*Work to complete*: Quote each line of the material verbatim, without the pictures.

*Data section*:
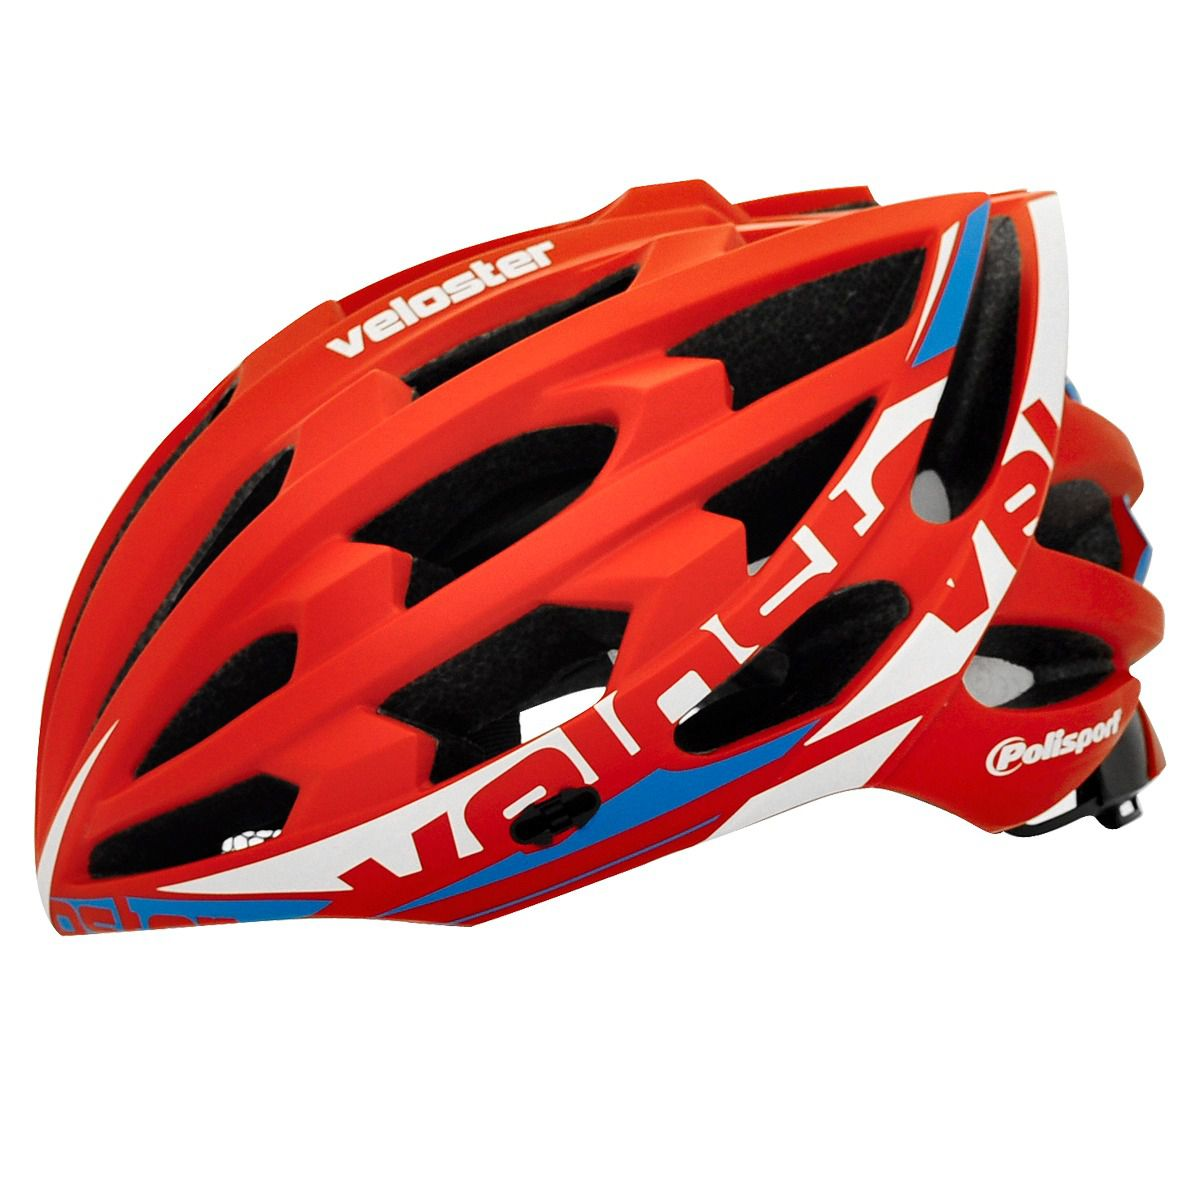 Capacete Ciclismo Polisport Veloster - Tam G 58/61cm
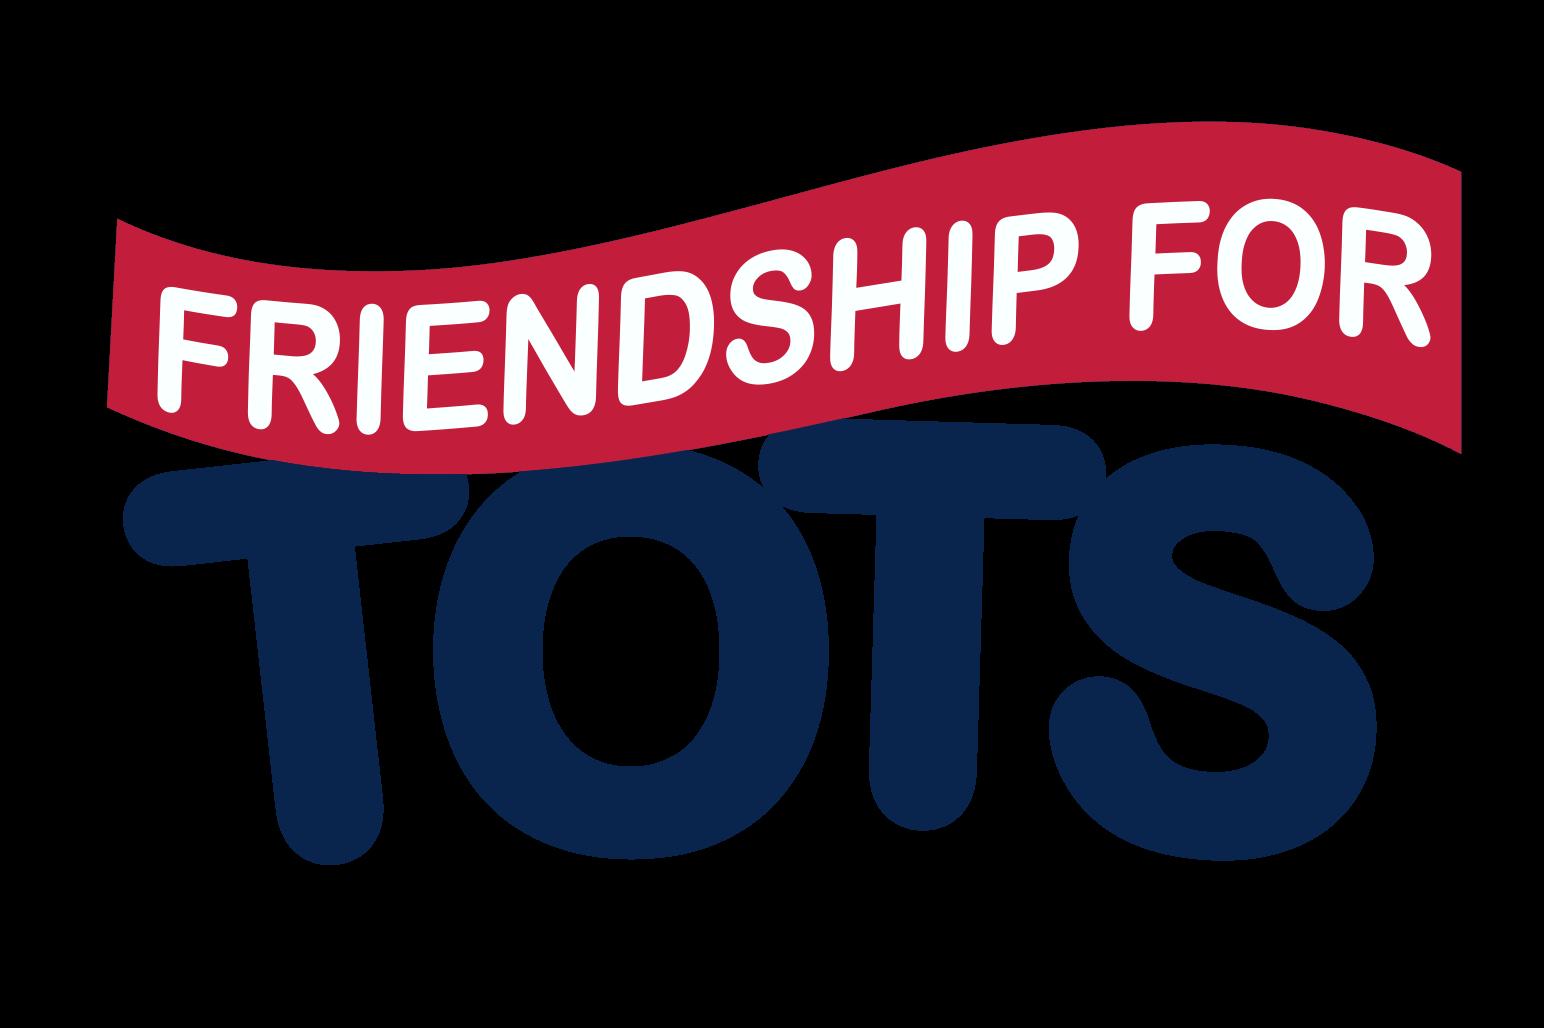 FTOTS GIRLS PREK
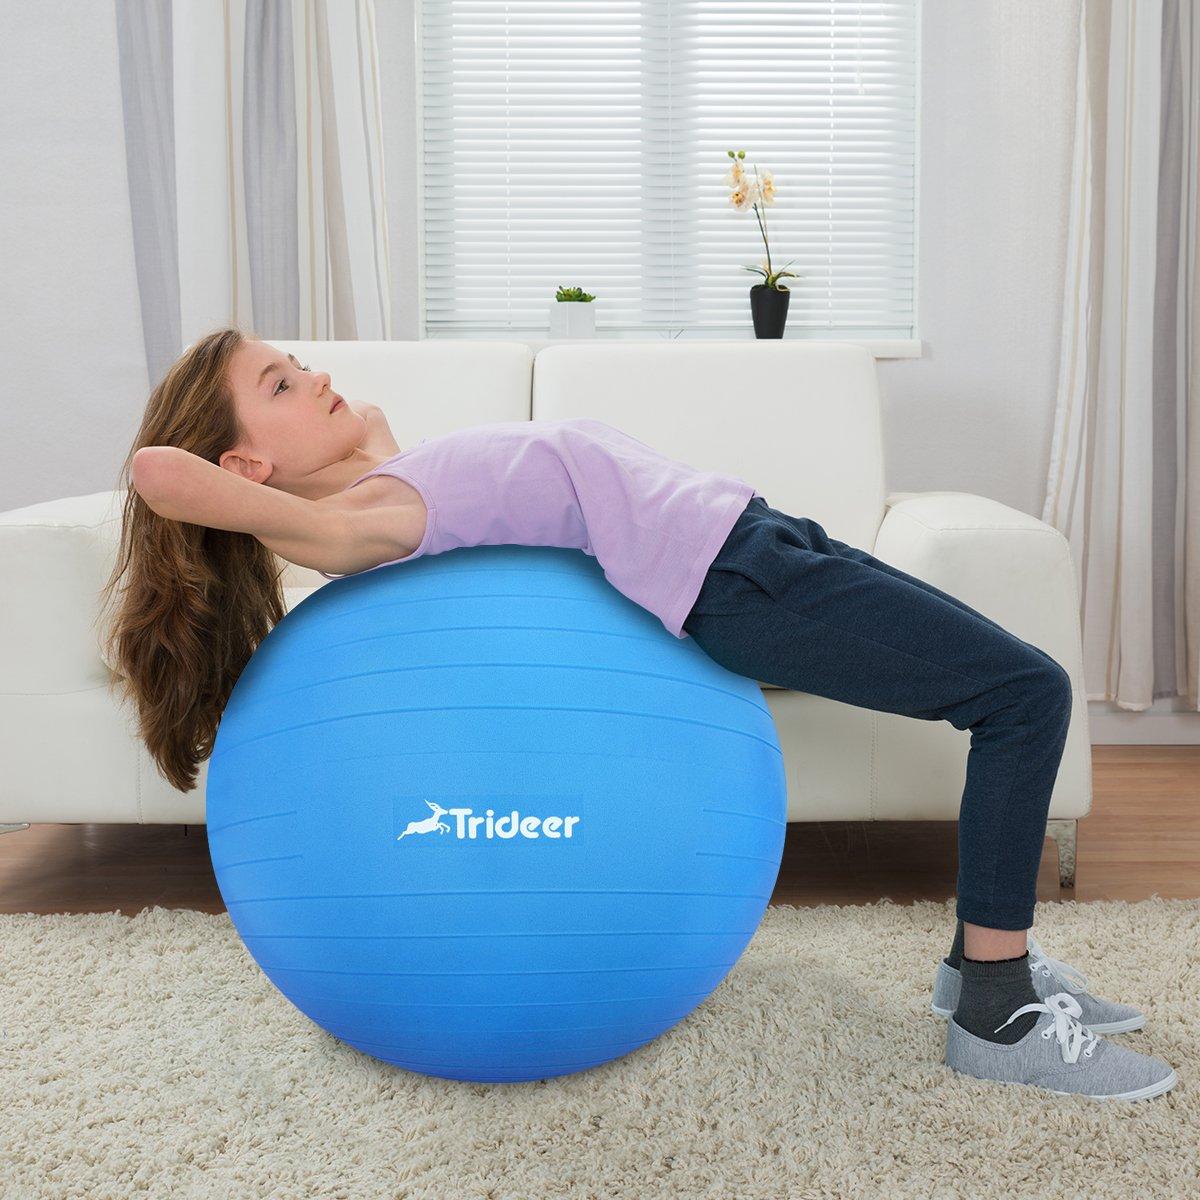 Trideer 45-85cm Exercise Ball, Birthing Ball, Ball Chair, Yoga Pilate Fitness Balance Ball with Pump Plug Kit, Anti-Slip & Anti-Burst (Dark Blue, 65cm) by Trideer (Image #8)
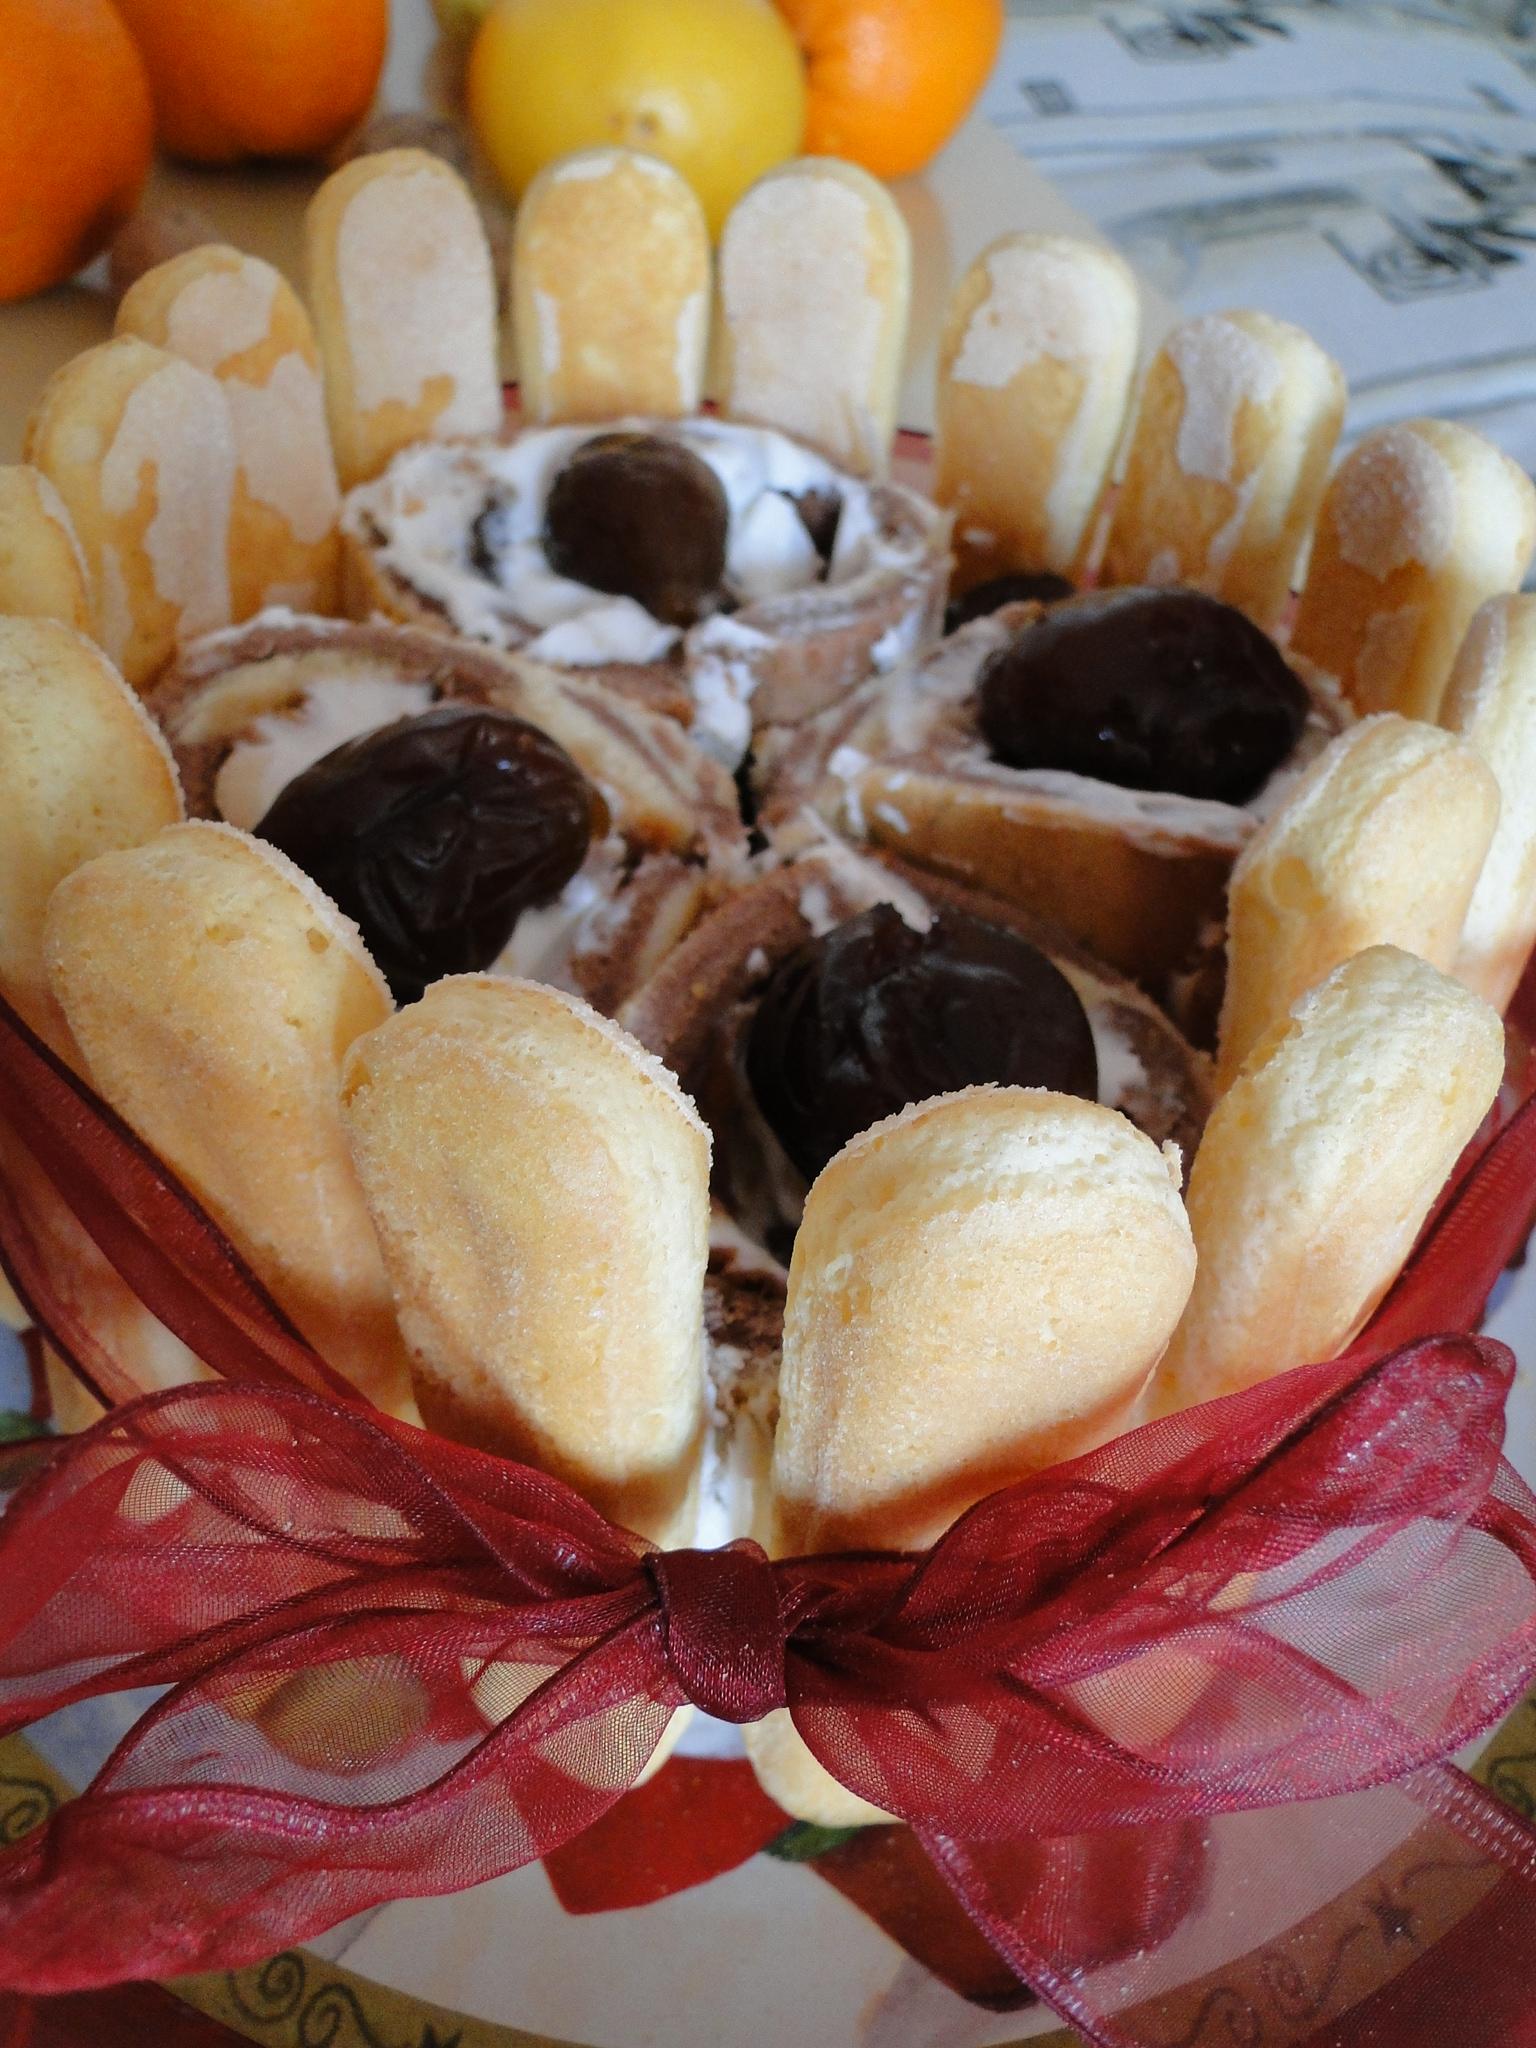 bishkotena_torta_s_pandishpanovi_rula_smokini_i_smetana

*Solution to this exercise*:
 Capacete Ciclismo Polisport Veloster - Tam G 58/61cm
 FTOTS GIRLS PREK
 Trideer 45-85cm Exercise Ball, Birthing Ball, Ball Chair, Yoga Pilate Fitness Balance Ball with Pump Plug Kit, Anti-Slip & Anti-Burst (Dark Blue, 65cm) by Trideer (Image #8)
 bishkotena_torta_s_pandishpanovi_rula_smokini_i_smetana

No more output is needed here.